I fell so deep into the depression. I was living with my grandparents and my mom about the time it it. I was a Junior in high school and we'd just moved back to Michigan from New Mexico. Now, I was happy when I lived in NM, very happy. But when I left, I slowly began to sink into a depressive manner. My family has a history of depression. My grandmother was Manic Depressive. And she did things that would make your head spin. She'd beat her children, she'd set the house on fire, and it really kind of scared me, but made me realize, after I got older, why my father didn't love her.

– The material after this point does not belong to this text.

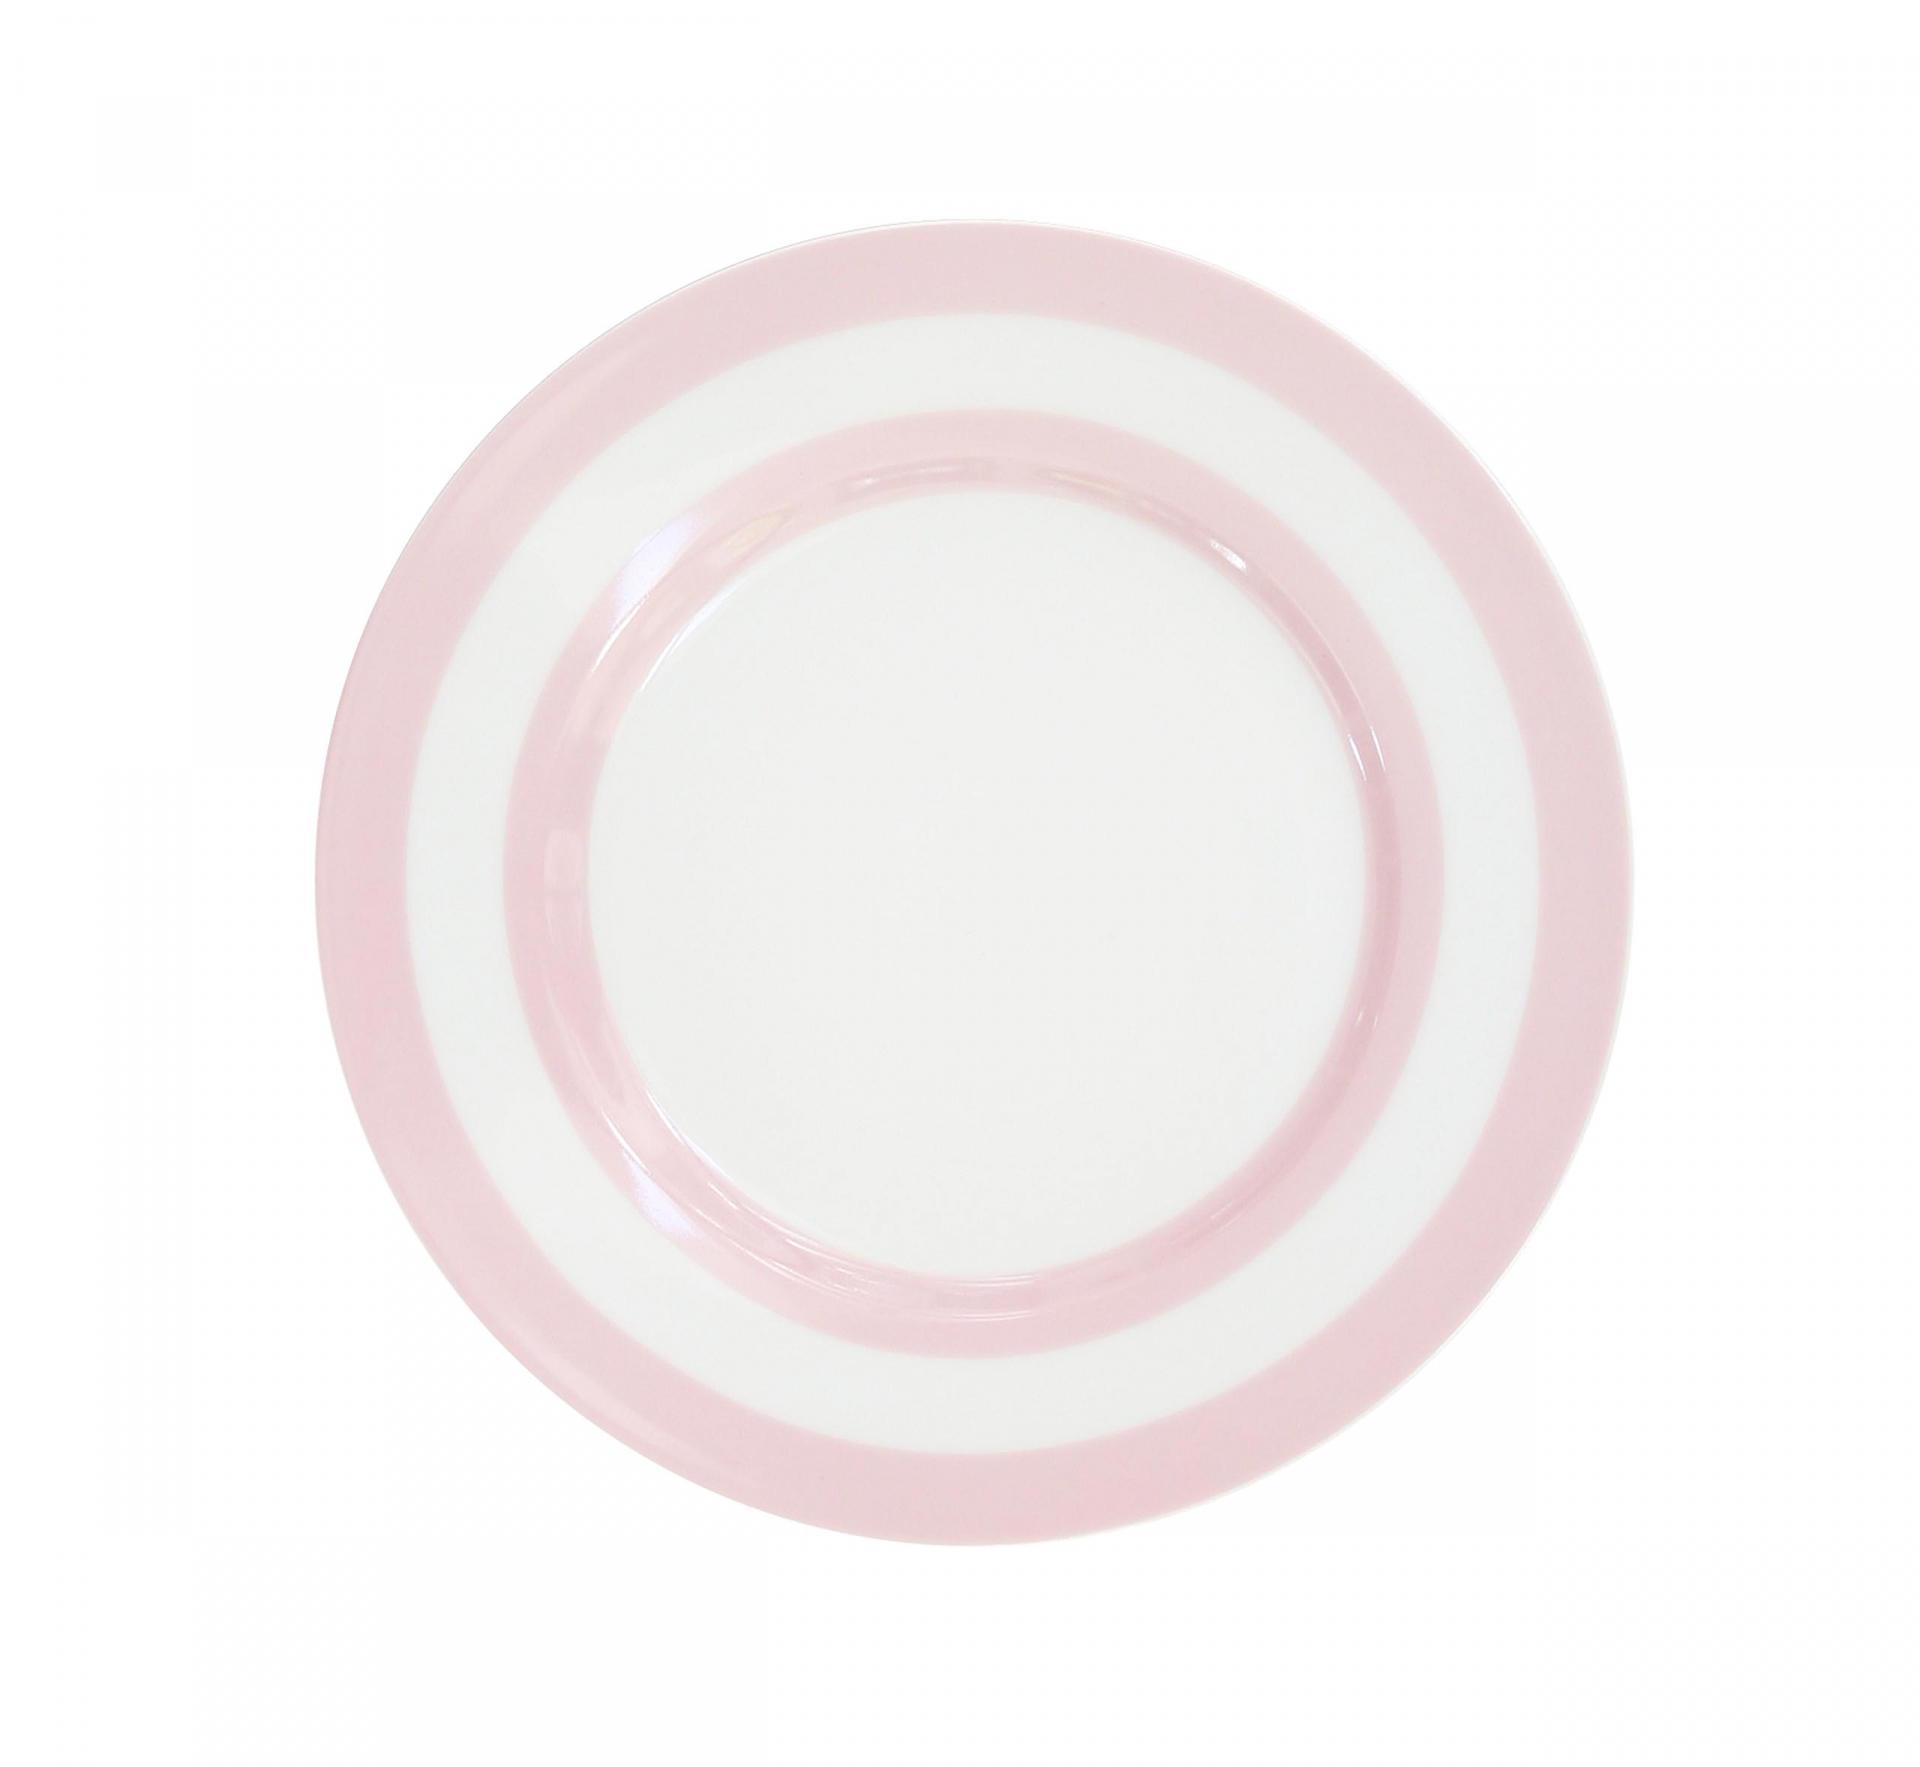 Krasilnikoff Dezertní talíř Pink Stripes, růžová barva, bílá barva, porcelán 20 cm

In my Junior year, I remember waking up in the middle of the night... my grandparents were in their room, and my mom was sleeping on the pull out bed in the couch. I crept into the kitchen and pulled open the knife drawer and stood there with a knife over my wrist. Fortunately a sound from the living room stopped me, otherwise I'm sure I would have slit my wrists. No one knew about it, not until the summer. I wrote a long letter to everyone of my friends, about 4 or 5 pages printed, telling everyone of how upset I was, that I wanted to kill myself because the depression was eatting at me.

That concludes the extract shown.